A number of issues are relevant to the comparisons we present and to their potential impact on trial design. Chiefly, these relate to the choice of sample required to obtain valid comparisons between outcomes or between different trial durations or statistical analyses, and issues regarding outcome type.

Choice of samples for comparison.

For the primary comparison, between atrophy measures, best estimates come from subjects with all three measures available at a given time point, “all-three” samples. This ensures that differences between measures are not due to different subjects. For these comparisons, at different time points, sample sizes were calculated just for a 50% treatment effect (because the relative efficiency of the volume measures is approximately constant over different treatment effects for a given analysis method and duration). For any given trial duration and analysis method, this gives a valid comparison across the atrophy measures. For the simplest analysis method, the t test of changes, the nonparametric bias-corrected bootstrap18 (1,000 replicates), was used to assess the statistical significance of sample size differences between the measures: standard errors for the differences in sample size estimates are not theoretically available, but in this context the bootstrap method gives a valid test, estimating confidence intervals for the differences empirically by multiple resampling (replicates) of the data. (p value ranges are given because of the computationally intensive nature of the bootstrap).

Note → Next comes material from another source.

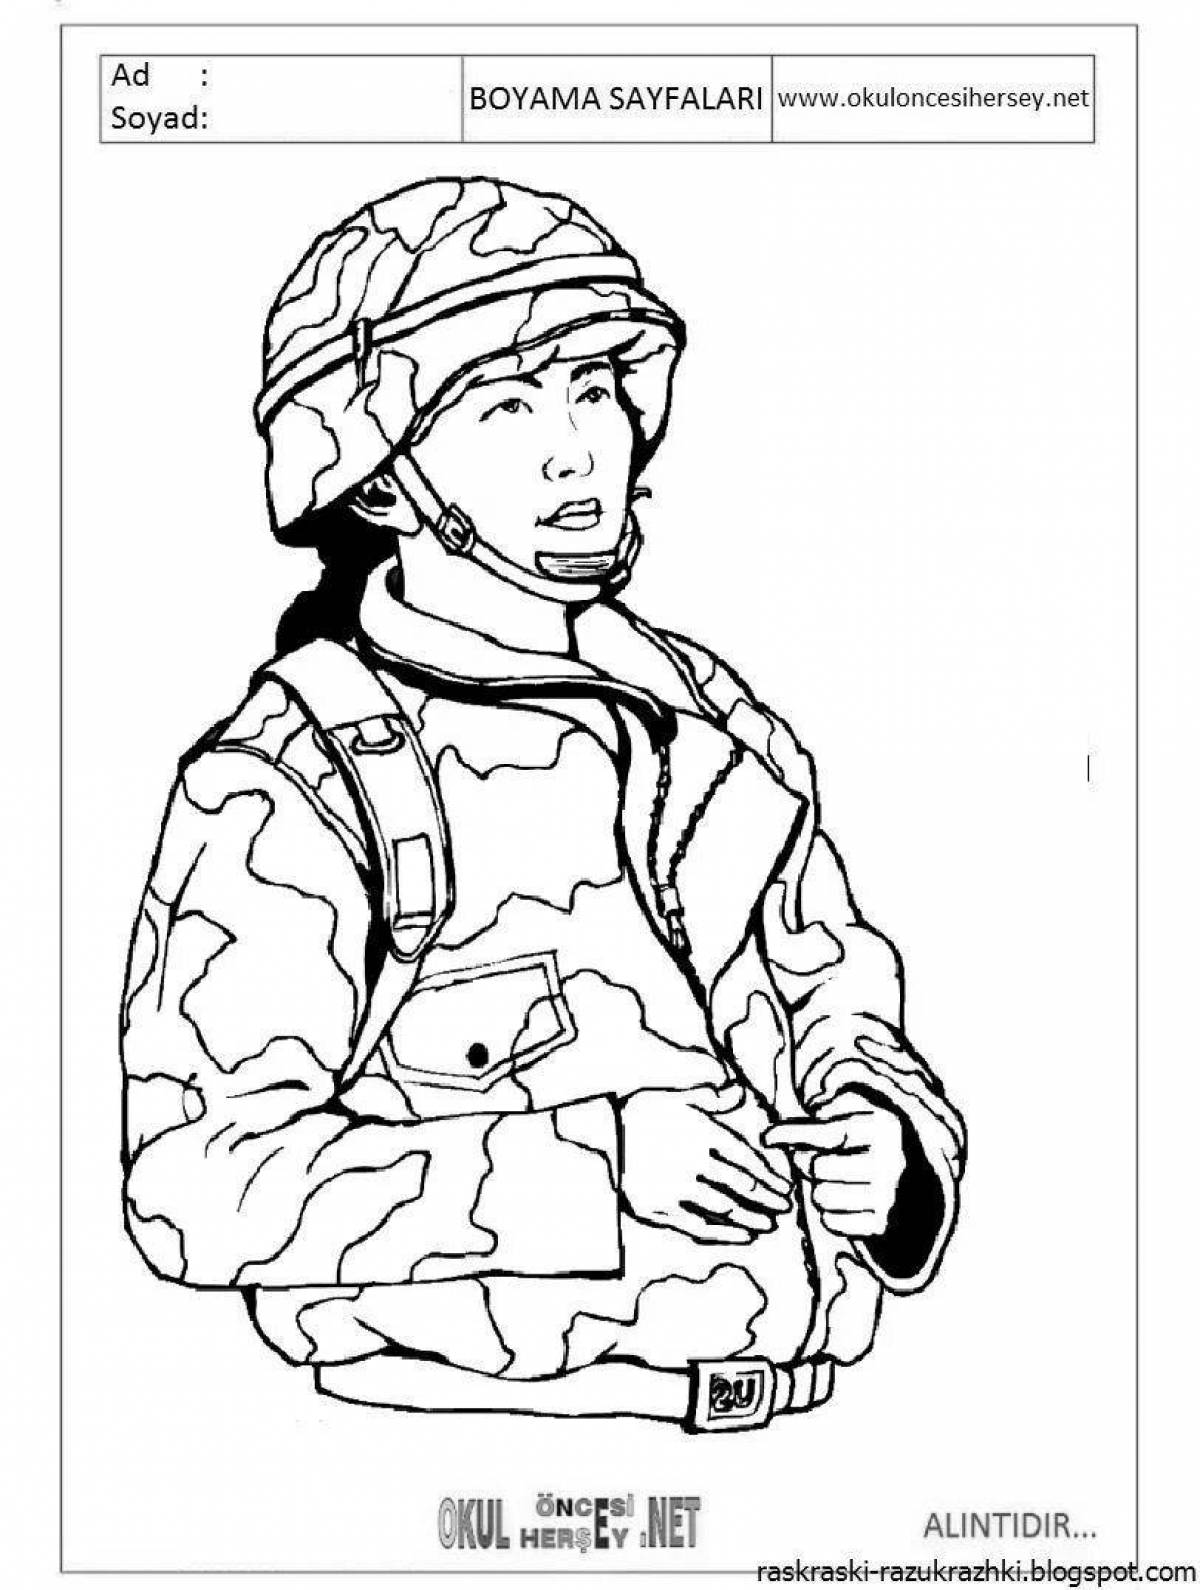 Adorable soldier drawing for kids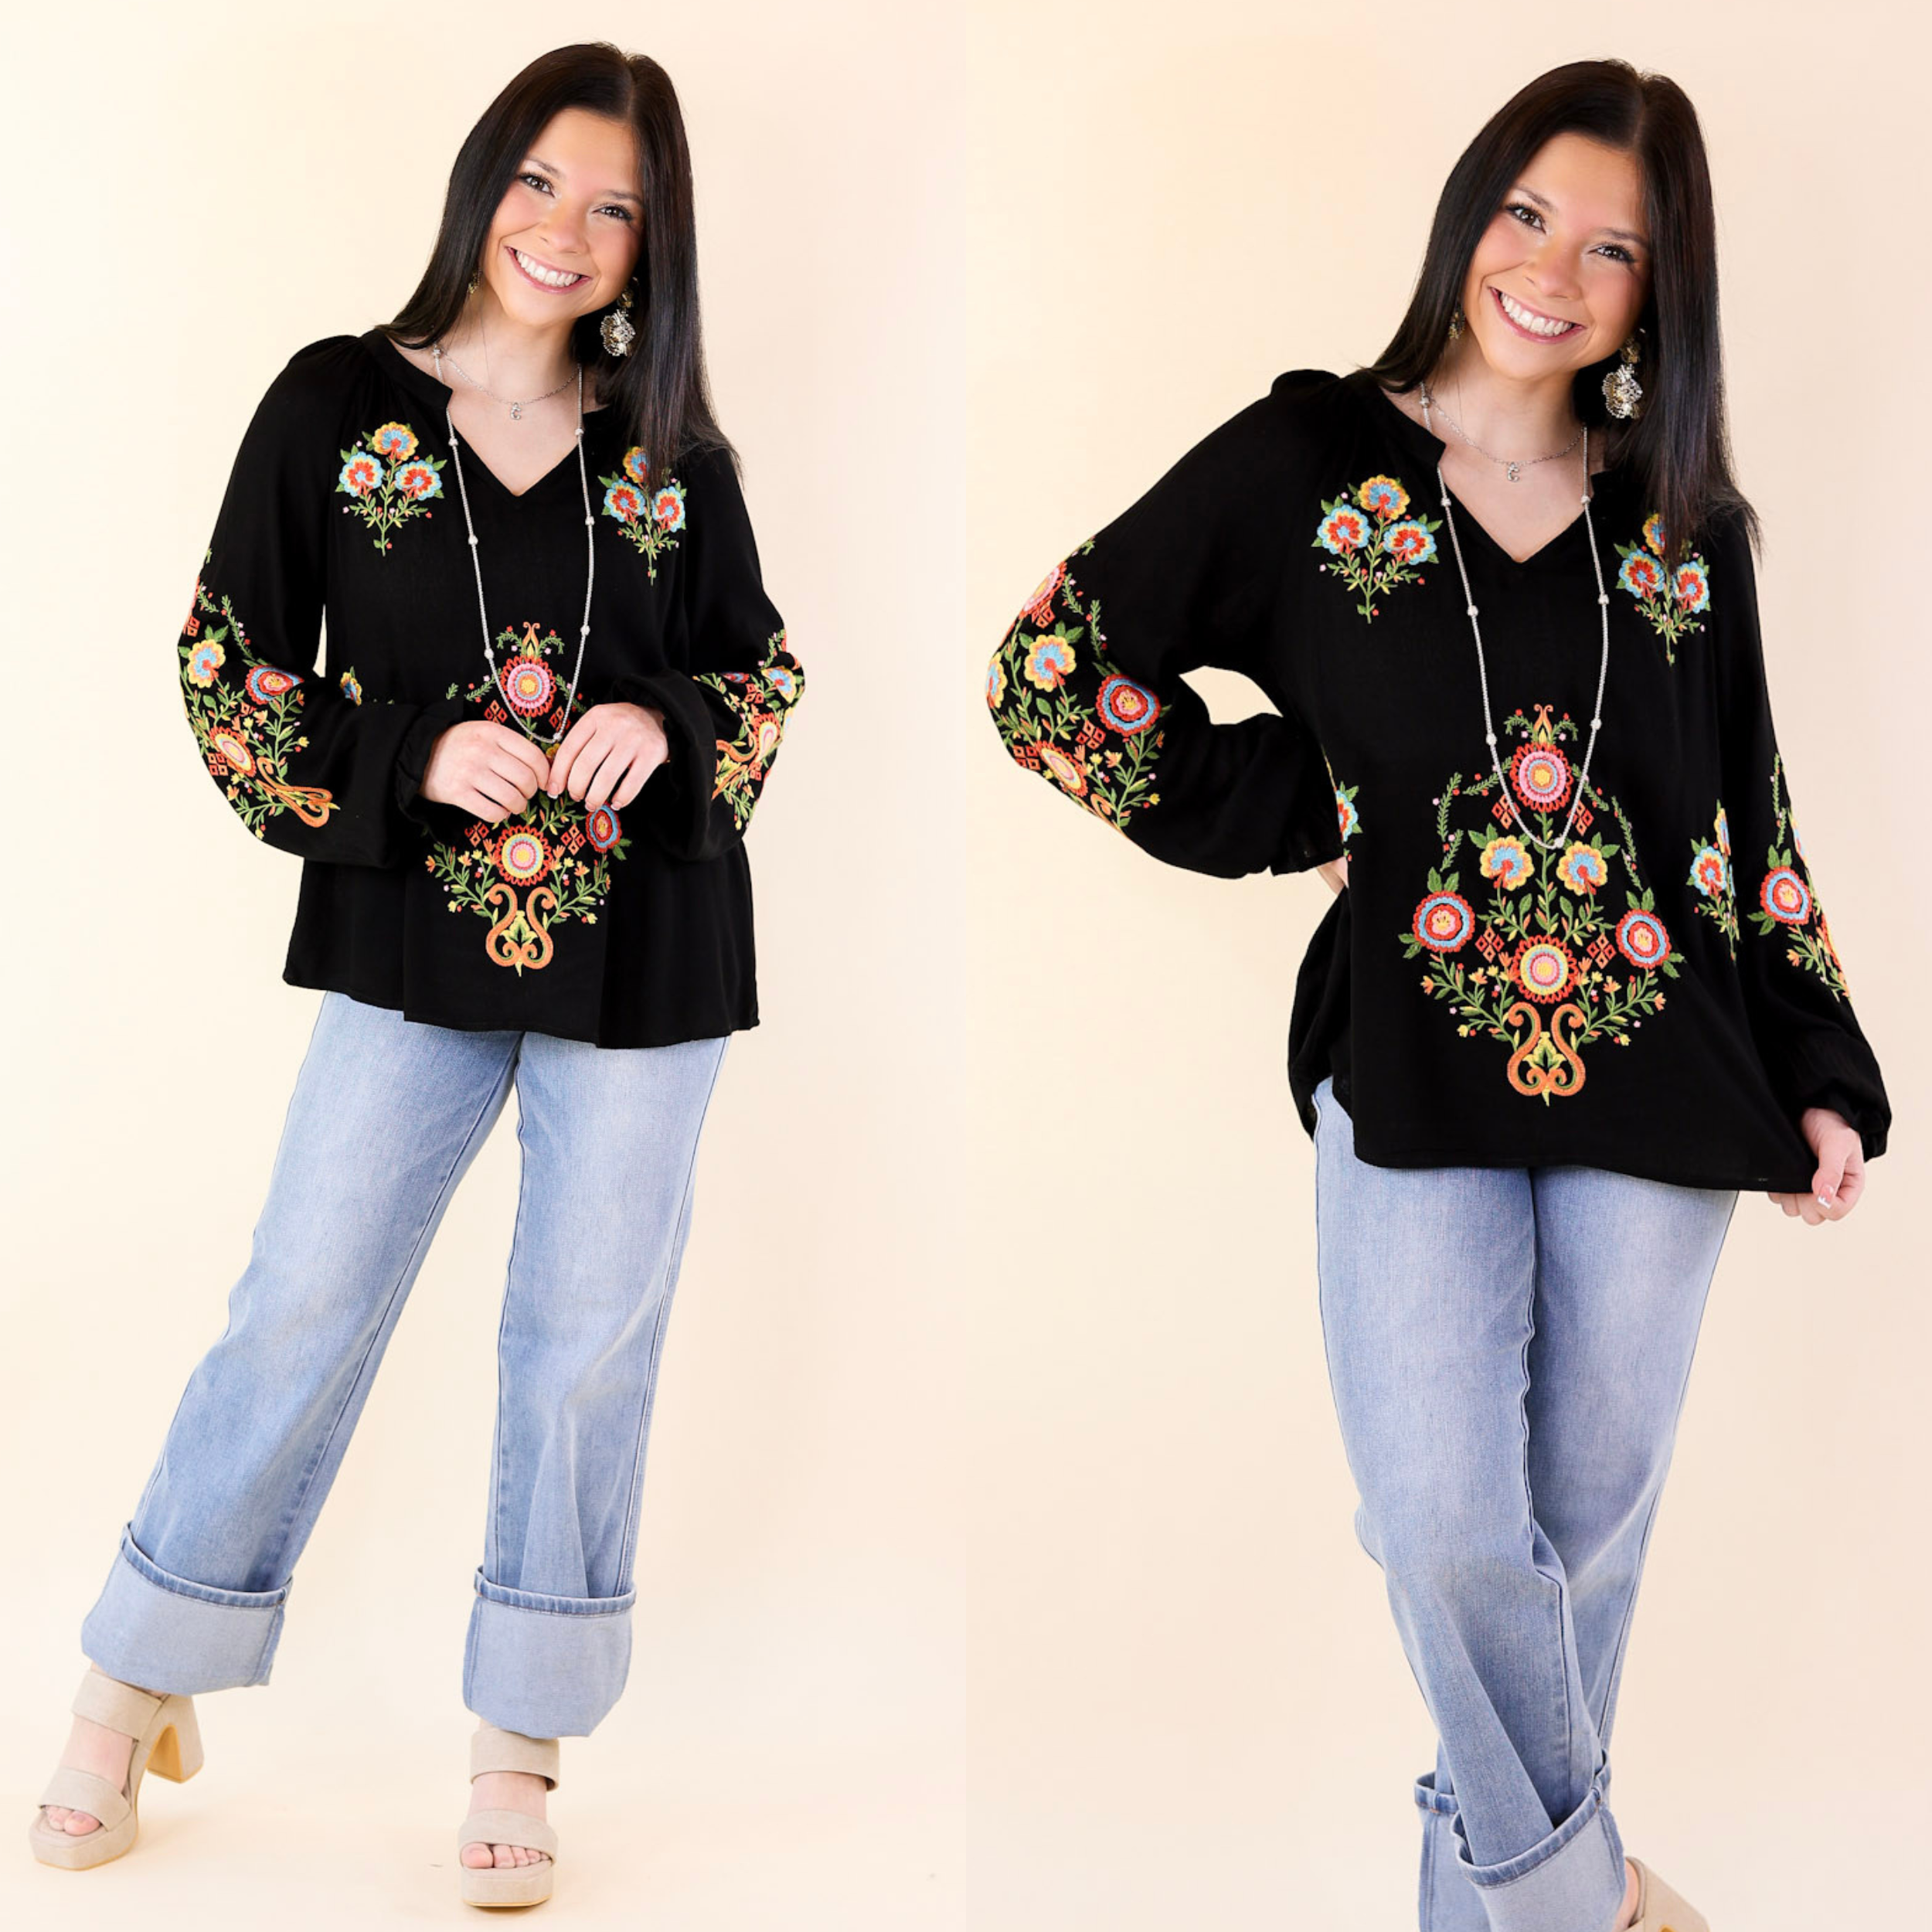 Dreamy Destination Floral Embroidered Long Sleeve Top in Black

For best results within each individual measure and also for the secondary comparison between analysis methods and trial durations using a given measure, optimal estimates are given for each volume measure separately by fitting a longitudinal model using an “all-data” sample: the 36-month duration 6-monthly longitudinal model, which uses every available time point for that measure. Because the “all-three” samples have to drop a subject at a given time point if one of the three measures is missing, the “all-data” sample gives additional information on the robustness of the “all-three” comparisons to missing data. The estimated slope and variance parameters for the “all-data” model were then used to deduce the parameters relevant to the different statistical analyses and time points and thus generate the appropriate sample sizes. Thus, from the single set of “master” 36-month parameters, we obtain a valid comparison of the different analysis methods and durations in each measure, assuming constant atrophy over the period. Under this assumption, these parameters also allow estimation of the effect of altering observation times. It has been shown19 that the timing of observations is relevant to gains in power, e.g., adding a third observation midway between baseline and final follow-up provides no additional information with which to estimate linear change. Though our primary aim is to compare the volume measures rather than establish optimal design, for interest we report some efficiency gains from a theoretically more efficient concentration of observations toward the trial period extremes.

Volume measures.

The methodology of SIENA, calculating the percentage brain volume change (PBVC), is a “direct”20 measure of change, with theoretically less measurement error compared to indirect measures of change obtained by numerical subtraction between volumes calculated at separate time points, as is required for CCV and SIENAX. The superior precision of SIENA compared with indirect volume measures has been noted previously in cohorts with relapsing–remitting MS (RRMS).21–23 However, direct difference methods have a different error structure than absolute measures, and this was taken account of in constructing the longitudinal models to estimate SIENA parameters.20

To examine the concordance between the three measures, the “all-three” sample was used, with CCV and SIENAX converted into PBVC units using 100 × (volume at time point − baseline volume)/baseline volume. Pearson correlation coefficients and Bland–Altman plots24 were obtained, and the standard deviations of the measures were statistically compared using the Pitman test25 for paired variances.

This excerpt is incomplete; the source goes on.